Hack 93 Use Cocoon to Create a Well-Formed View of a Web Page, Then Scrape It for Data

figs/expert.gif figs/hack93.gif

Cocoon is a popular web development framework from Apache.

To an XML hacker, the Web is a frustrating place. Little islands of well-formed XML content are awash in vast seas of "tag soup" in the form of malformed HTML documents [Hack #49] . Using a technique known as screen-scraping, it's possible to extract information from these pages, relying on knowledge of specific markup practices or document structures to pick out the data items from amongst the presentation elements.

Generally, screen-scraping involves using text processing tools like Perl that ignore the markup completely. However, there are ways to apply screen-scraping techniques using XML tools such as XSLT, the benefit being that one can go a little further with the tools immediately at hand without having to context switch to another environment?good news when you're after fast results.

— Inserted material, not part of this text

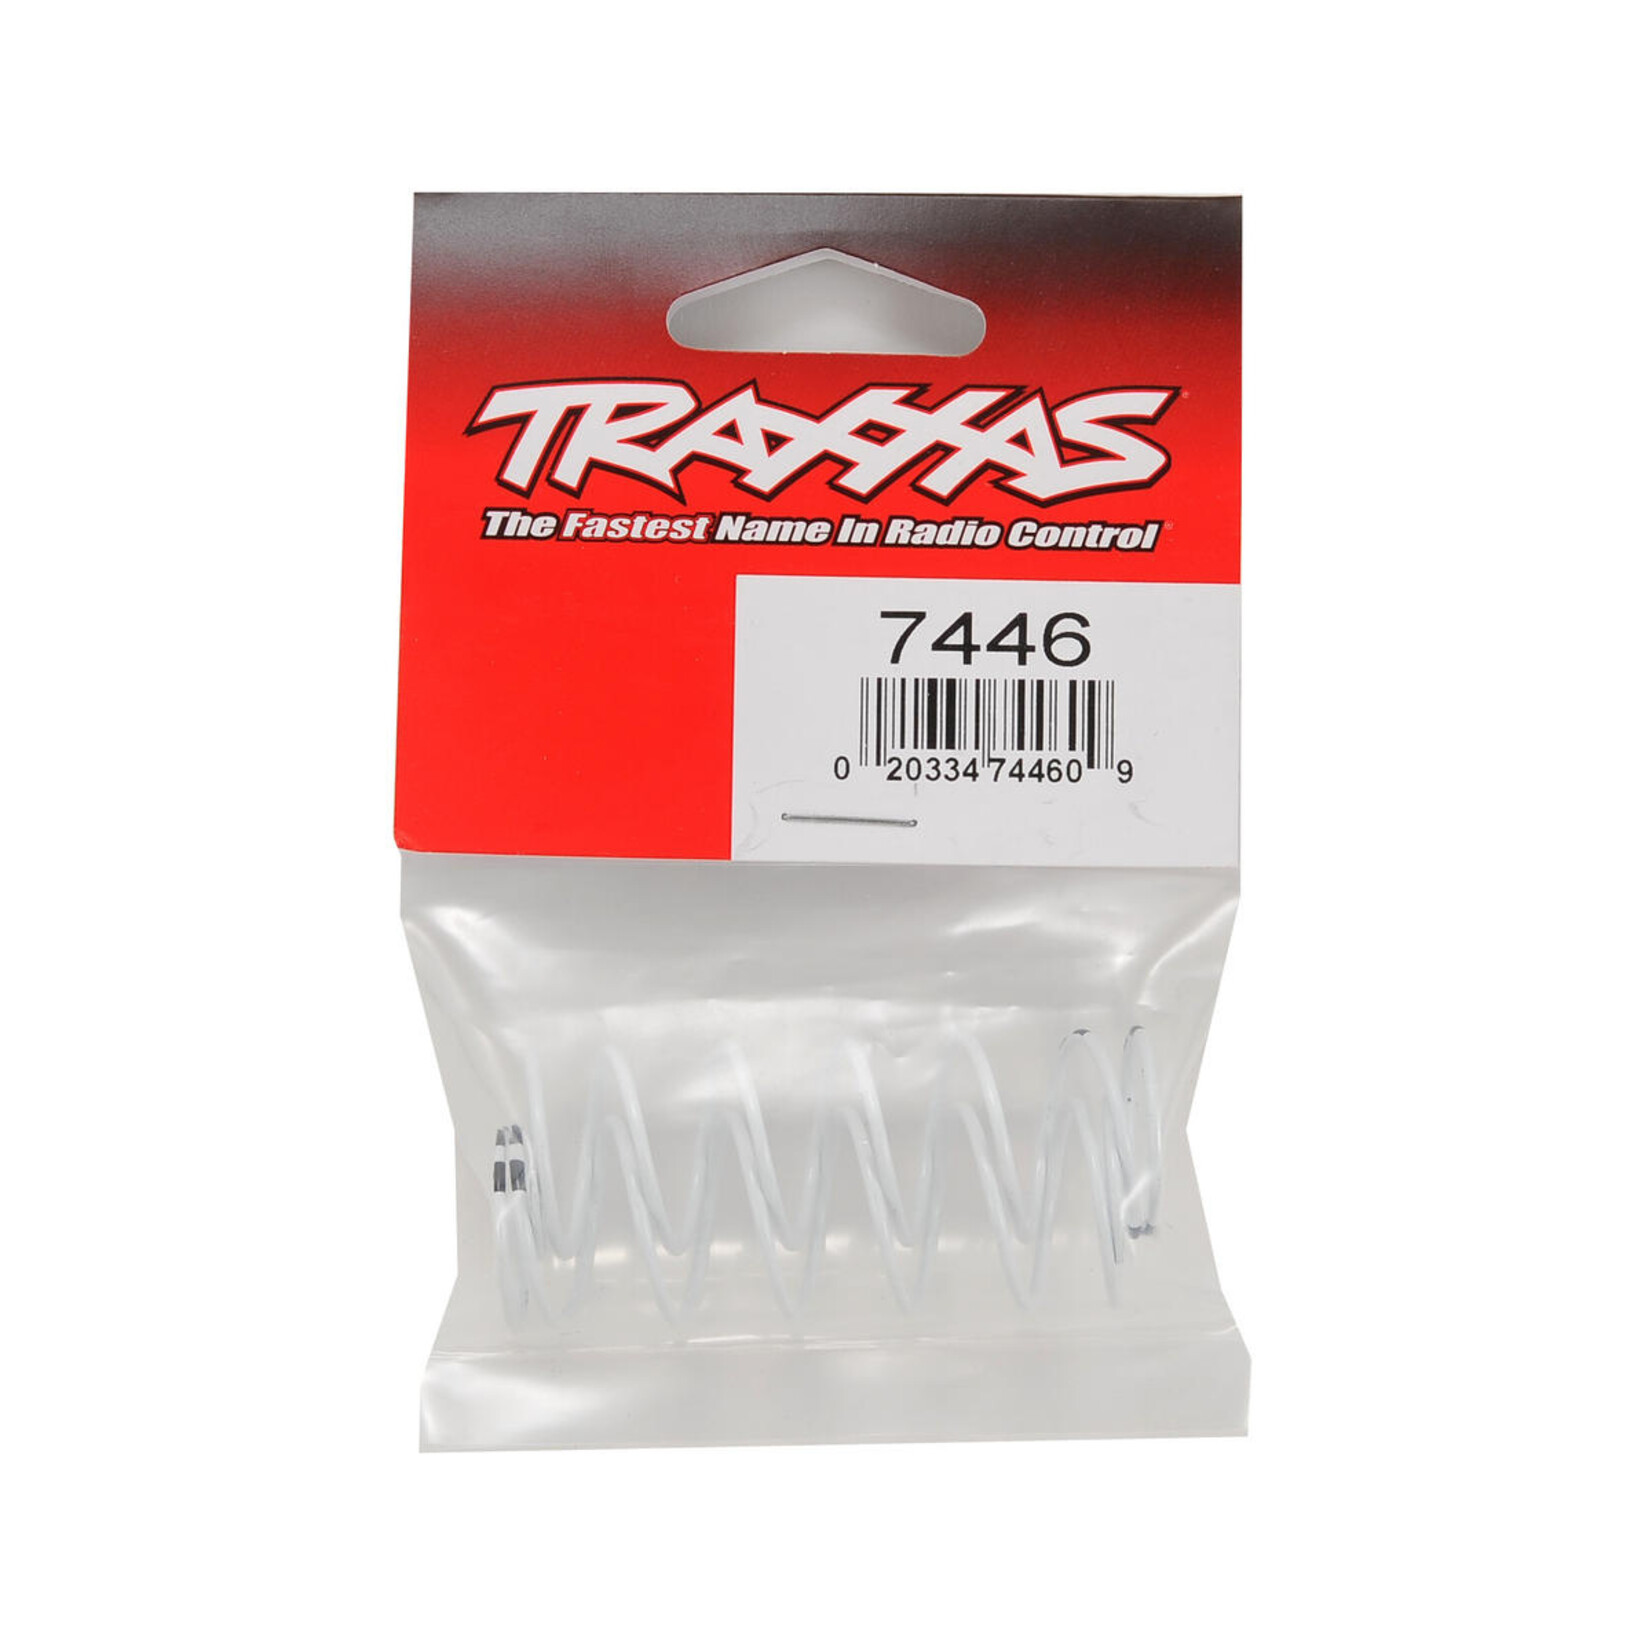 Traxxas Traxxas Progressive Rate XX-Long GTR Shock Springs (Black - 0.874 Rate) (2) #7446

This hack will demonstrate how to use elements of Cocoon (http://cocoon.apache.org/), an open source XML processing framework that can create a well-formed view of any web page and then apply XSLT to the results to extract some useful metadata.

7.4.1 Cocoon in 60 Seconds

For the uninitiated, Cocoon is an open source XML processing framework written in Java. It has a loyal community that is continually enhancing its functionality, but at the core is a very simple but powerful design pattern: the pipeline.

A Cocoon pipeline consists of three basic components: a Generator, responsible for providing the data to be processed; a Transformer that performs some useful processing on that data; and, ultimately, a Serializer that assembles the results. The interface used to glue these components together is the SAX API: a Generator produces SAX events, which are fed into Transformers, which in turn deliver events further down the pipeline until they're finally delivered to a Serializer that constructs the resulting document.

Cocoon is bundled with many different implementations of each of these components, with the most common being: the XML Generator, which is an XML parser; the XSLT Transformer, which applies an XSLT transform to the data passing through the pipeline; and the XML Serializer, which turns the SAX events back into an XML document.

However, among the other varied generators available in Cocoon is the HTML Generator, which is capable of turning any HTML page into well-formed XML that can then be processed by other components in a pipeline. The HTML Generator achieves this using JTidy (http://jtidy.sourceforge.net/), a Java port of the command-line tool HTML Tidy [Hack #22] .

Cocoon runs as a web application, making it a quick and simple way to publish XML data using XSLT. An individual instance of Cocoon uses a configuration file called a sitemap.xmap that describes the required processing pipelines, binding them to a particular request URL that will trigger their processing.

7.4.2 Running the Hack

To run this hack you'll need to download and install Cocoon from http://cocoon.apache.org. Cocoon is available only as a source distribution, but the install and setup is very straightforward.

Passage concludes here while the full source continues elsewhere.